After nearly two decades on the WTA Tour, Sorana Cîrstea has made peace with something that once felt impossible: closing the chapter on her tennis career. Speaking candidly on the
Tennis Insider Club podcast with hosts Borja Duran and Caroline Garcia, the 34-year-old Romanian revealed why 2026 will be her final season — and how she wants to walk away not defeated, but fulfilled.
A career stalled by pain: “It’s very hard to find joy when you’re constantly in pain.”
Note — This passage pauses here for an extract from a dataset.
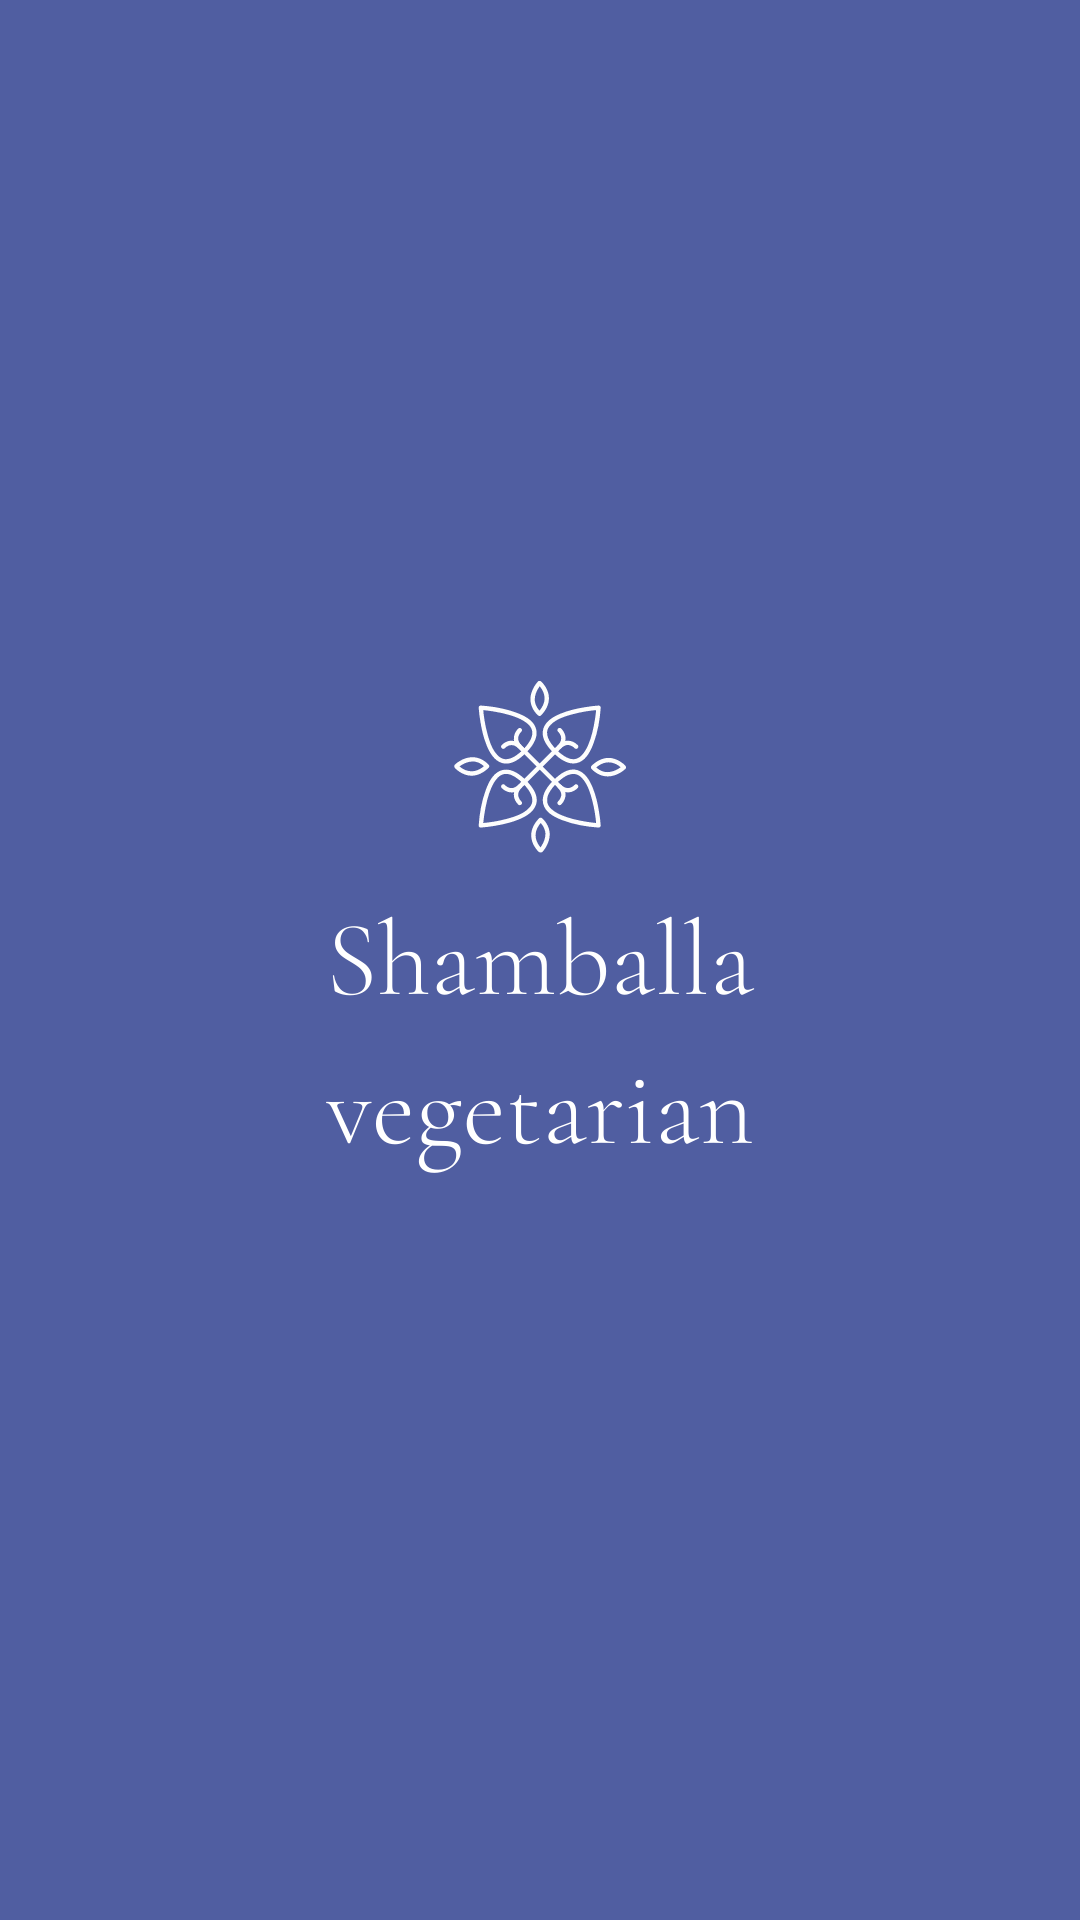 Shamballa vegetarian

Cîrstea recalls the moment the warning signs became impossible to ignore. During a strong run in Dubai in early 2024, she first felt a familiar but worrying sensation in her foot. What seemed like routine inflammation turned out to be a stubborn case of plantar fasciitis. “It wasn’t getting better. It was getting worse and worse,” she explained. “By the time I got to clay, it was constant pain every single day.”
Eventually, she underwent surgery and stepped away for six months — time she hoped would answer whether she could still find joy in the sport.
But the break also offered clarity. She still wanted to compete. She still wanted to feel adrenaline. And she wanted to finish her way. “I want to end it with dignity, walking out the front door of the sport with my head held high,” she said. “I don’t want tennis kicking me out and saying, ‘You’re not useful anymore.’” 2026, she decided, will be her last year.
Unfinished dreams and new perspective
When asked whether she thinks about the dreams she had at 20 — being No.1, winning Grand Slams — Cîrstea didn’t hesitate. “This is the toughest question,” she admitted. “Anything less than No.1 or winning Slams felt like failure.”
For years, she carried that weight. The belief that anything she didn’t achieve at 20 or 25 was a permanent mark against her. Now, she sees that pressure differently. "I’ve had a beautiful career, but I didn’t win Grand Slams and I wasn’t No.1. I’ve made peace with that,” she said. “I cannot change the past — but I can change today.”
Her regrets aren’t dramatic turning points or missed strategic decisions. It’s the small things: being too hard on herself, isolating after losses, letting perfectionism drown out joy. “If I had done everything perfectly, maybe I would have been No.1,” she said. “I’ve made plenty of mistakes. But I cannot live my life thinking only about what I didn’t do.”
Finding gratitude without losing passion
Cîrstea spent much of her career in an environment where praise was withheld in favor of relentless improvement. Match wins were analyzed for what went wrong, not what went right. Success was something to be immediately pushed aside in search of the next goal.
But that mindset has changed.“You don’t need to say, ‘I’m a piece of shit’ to improve,” she joked. “You can work very hard and still be proud and happy.”
Her gratitude is grounded in perspective. “My best ranking was 21. People would give anything for that,” she said. “What you're complaining about is someone else's dream.”
The team behind the player and why a psychologist changed everything
One of the defining features of Cîrstea’s late-career stability has been her long-term relationship with her psychologist — a woman now in her 80s. “I always tell her, ‘I’m 35, I’m so old,’” Cîrstea laughed. “And she says, ‘Sorana, you are a baby. You haven’t even started living.’”
Those sessions helped remove the shame Cîrstea once attached to being “over 30” on tour. They helped her understand why she’s still here — not because she has no life, but because she loves the life tennis has given her. “People ask, ‘Why are you still playing?’” she said. “Because it makes me happy.”
A 20-year career built on balance, not burnout
Cîrstea’s longevity — she will enter her 20th season in 2026 — is something she takes deep pride in. She credits, in part, her childhood: staying in school, playing other sports, and having space to grow as a person before becoming a professional.
“My mom made me stay in school and I’m so grateful,” she said. “School teaches structure, discipline, and to use your brain. Tennis ends one day — school prepares you for life.”
She’s passionate about parents avoiding early specialization, pointing to players like Iga Świątek, Petra Kvitová, and Jannik Sinner as examples that there is no single path to greatness.
“Everyone has their own timing,” she said. “Don’t compare. Don’t make your kid live like a little adult.”
Choosing her exit — and what comes next
Cîrstea is remarkably at peace with her decision. Not because she’s slowed down — she insists she still has goals for 2026 — but because she wants to leave with intention, clarity, and pride.
“It’s not tennis leaving me,” she said. “It’s me choosing to leave.”
She wants fans to remember her not for rankings or trophies, but for something more intimate: her resilience, her honesty, her love of the game, and the joy she rediscovered after years of pressure.
“I still want to give back something to the sport and to the fans,” she said. “When I finish, I want to feel proud of the person I became.”